Geschrieben wurde das Lukas-Evangelium, als Jerusalem längst umgepflügt war. Die nachträgliche Prophezeiung, die es dafür liefert, hat es in sich: Alle Juden hätten ihren Erlöser „nicht erkannt“, hätten ihm zwar zugehört, aber lieber Business betrieben und ihre Strippenzieher einen Mordplan ausgeheckt, deshalb sei Jerusalem  –  die Stadt steht für ganz Israel  –  dem Erdboden gleichgemacht worden, alles von Gott gewollt und den Römern erledigt.

Wer das tatsächlich predigen möchte, kann nur mit diesem Text gegen diesen Text predigen. Die EKD  bemüht sich, sie betont eine „Solidarität der Trauer und der Buße“. Ihr Vorschlag allerdings  –  „eine Feier auf dem Friedhof“, am besten mit „jüdischer Beteiligung“  –  befremdet.

Ali-Khamenei-Sound

Wer dagegen mit diesem Text direkt gegen Israel  –  den Staat Israel  –  vom Leder zieht, ist der Weltkirchenrat, World Council of Churches (WCC), der an die 600 Mio Christen  –  EKD: 18 Mio  –  zu repräsentieren glaubt. Ende Juni  –  die Ruhrbarone haben hier darüber informiert  –  hat sein Zentralkomitee, darin vier Delegierte von Putins Russisch-orthodoxer Kirche und vier der EKD, der Welt die Welt erklärt. Die „Zeichen der Zeit“, so der einstimmige Beschluss, müssten dringend gelesen werden „im Licht“ der Passage aus dem Lukas-Evangelium, andernfalls drohe „ein Gericht“.

Endzeit-Stimmung.
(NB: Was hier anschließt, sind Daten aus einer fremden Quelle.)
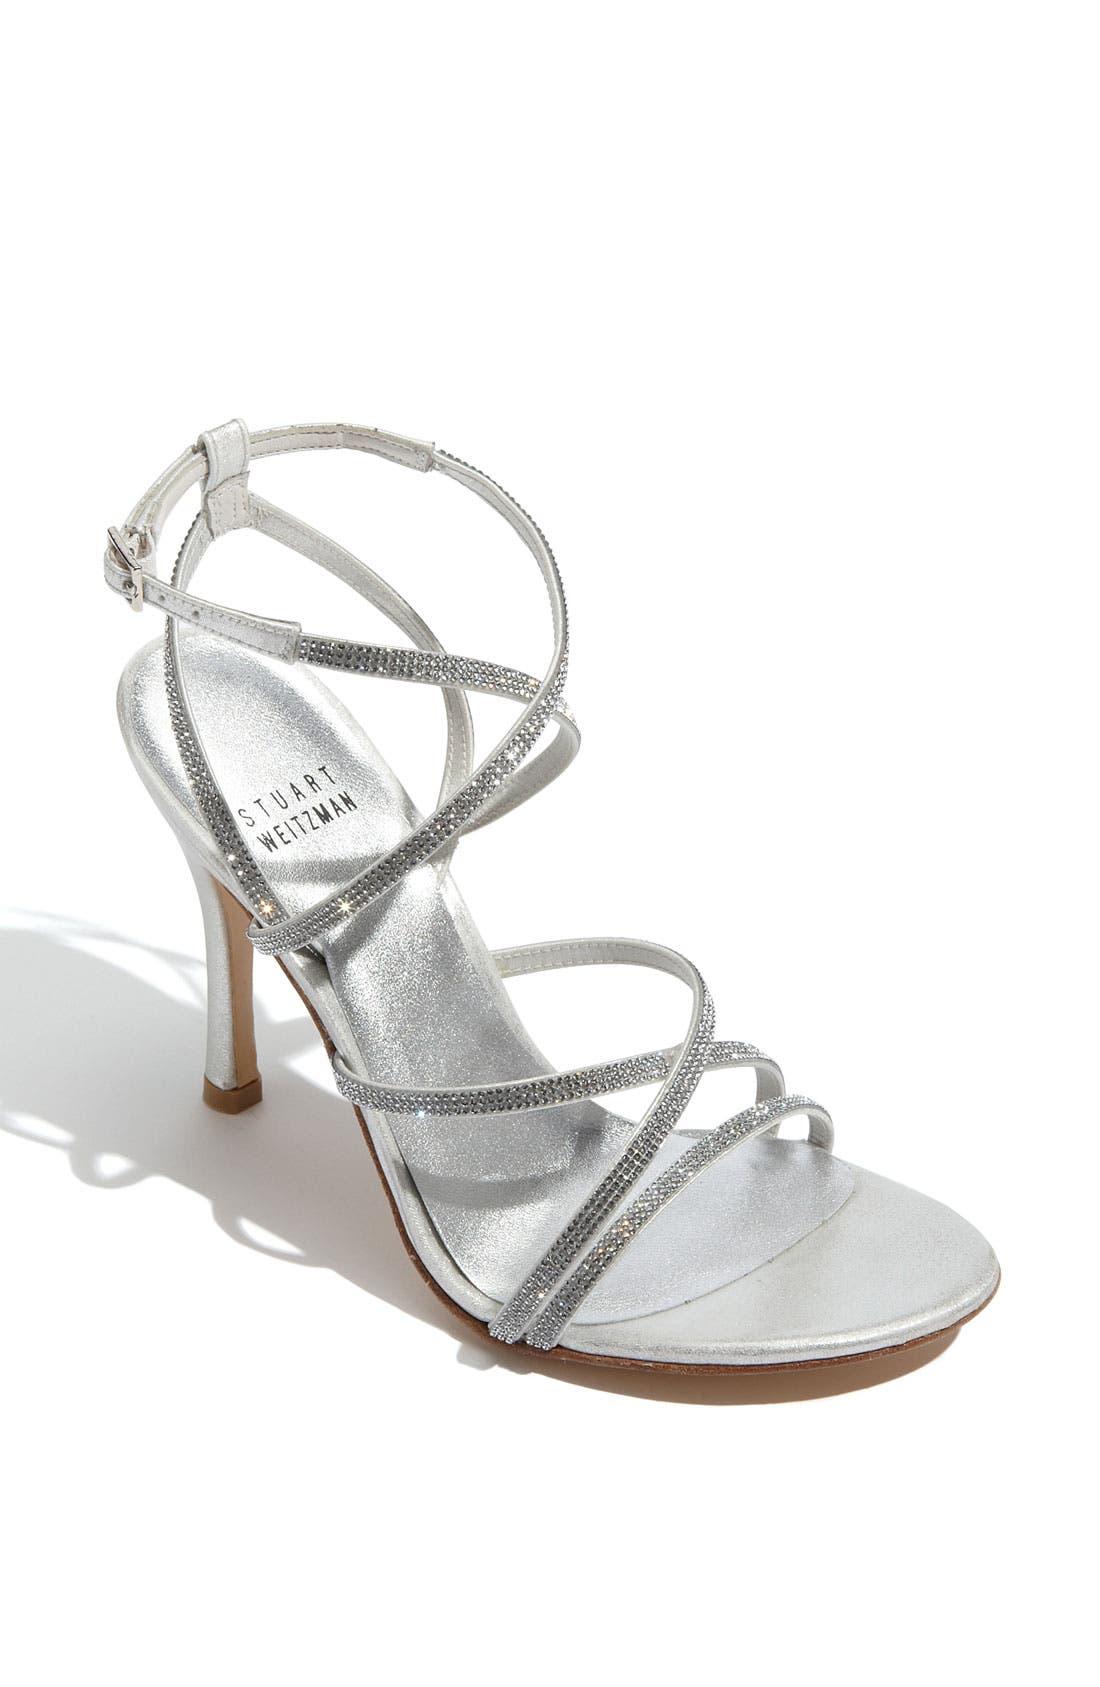 Alternate Image 1 Selected - Stuart Weitzman 'Gemex' Sandal

Die Lukas-Passage zunächst verschwiemelt zurechtgestutzt: „Wenn doch auch du erkenntest an diesem Tag, was zum Frieden dient! Aber nun ist’s vor deinen Augen verborgen … weil du die Zeit nicht erkannt hast, in der du besucht worden bist.“ Und schon schießt es aus allen Rohren gegen Israel, das „rücksichtslos Angriffe“ verübe, den „Frieden weltweit“ bedrohe, einen Atomkrieg heraufbeschwöre usw., dazu kein Wort über Hamas, keines über Terror usf. Stattdessen beschloss der WCC noch ein weiteres Verdikt eigens gegen Israel, faselt von einem „System der Apartheid“ und spult das komplette BDS-Programm ab. In der öffentlichen Wahrnehmung hat das Stichwort „Apartheid“ dominiert, für deutsche Ohren hat der Vorsitzende des ZK, der deutsche Theologe Heinrich Bedford-Strohm, das „Trigger-Wort“ auf mittellaut gedimmt.
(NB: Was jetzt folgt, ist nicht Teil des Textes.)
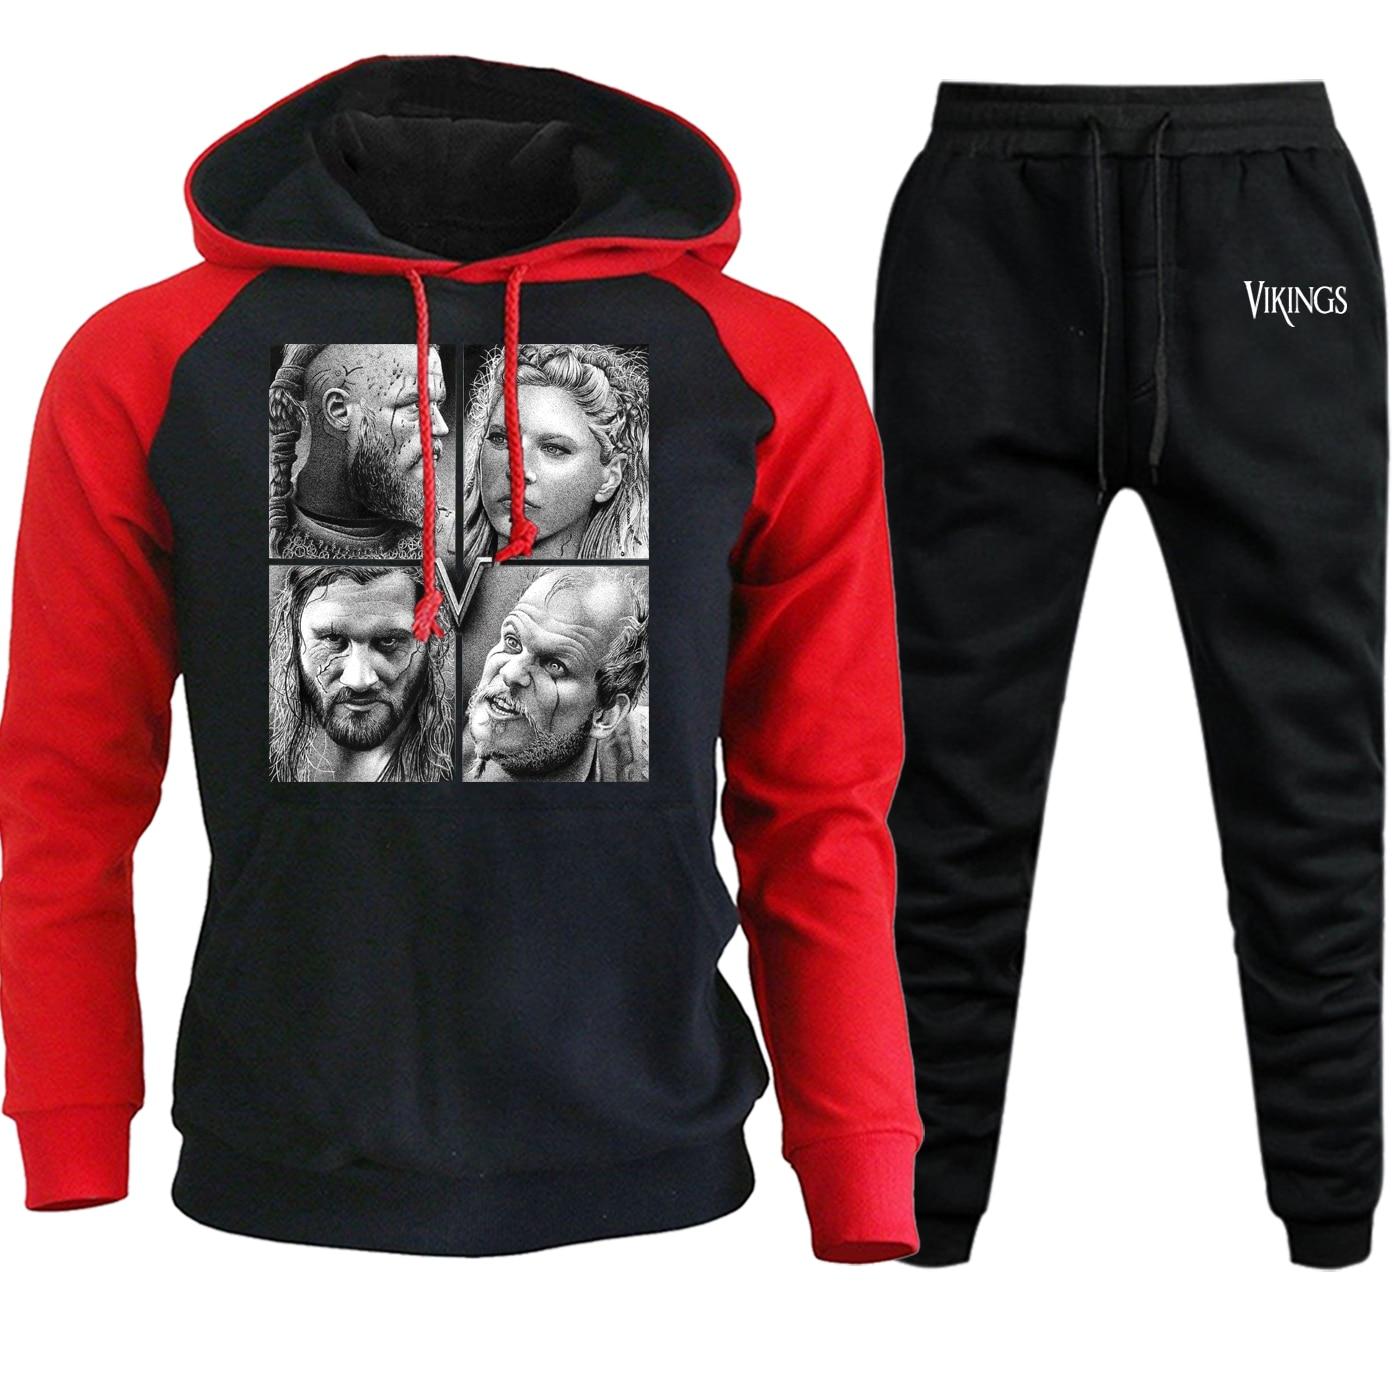 Streetwear Mens Hoodies Raglan Autumn Winter 2019 TV Show Vikings Suit Male Fleece Hooded Vintage Pullover+Pants 2 Piece Set

Was dagegen glatt durchging, ist der eigentlich theologische Skandal: dass die Weltkirchen sich in einem Endkampf wähnen, den sonderlich Israel gegen sie führe. Explizit beruft sich der WCC darauf, dass die Zeit gekommen sei, da werden deine Feinde dich dem Erdboden gleichmachen samt deinen Kindern in dir und keinen Stein auf dem andern lassen in dir …  

Ali Khamenei-Sound. Zugleich Textvorgabe der EKD für den Israelsonntag auf deutschen Kanzeln. Wer morgen predigt, hat die Wahl: ob Israel dem Erdboden gleichgemacht werden möge oder ob  –  das die alternative Textvorgabe aus dem Markus-Evangelium  –  es nicht doch eher darum gehe, Gott zu lieben „von ganzem Herzen, von ganzem Gemüt und mit aller Kraft und seinen Nächsten wie sich selbst“.

Ein Stimmungsmacher so oder so. Und ein Stimmungstest in einer Zeit, in der, so die EKD, „der alte und neue Antijudaismus/Antisemitismus in Deutschland“ auf dem Vormarsch ist, es ist ein Marsch zurück. Ob sich morgen am Israelsonntag  –  ein Lebensalter nach Auschwitz  –  ein solches Umdenken auf deutschen Kanzeln zeigt, für das der WCC den Kronzeugen stellt und das schönste Gewissen dazu, das haben wir die EKD gefragt. Sobald uns die Antwort erreicht, reichen wir sie nach.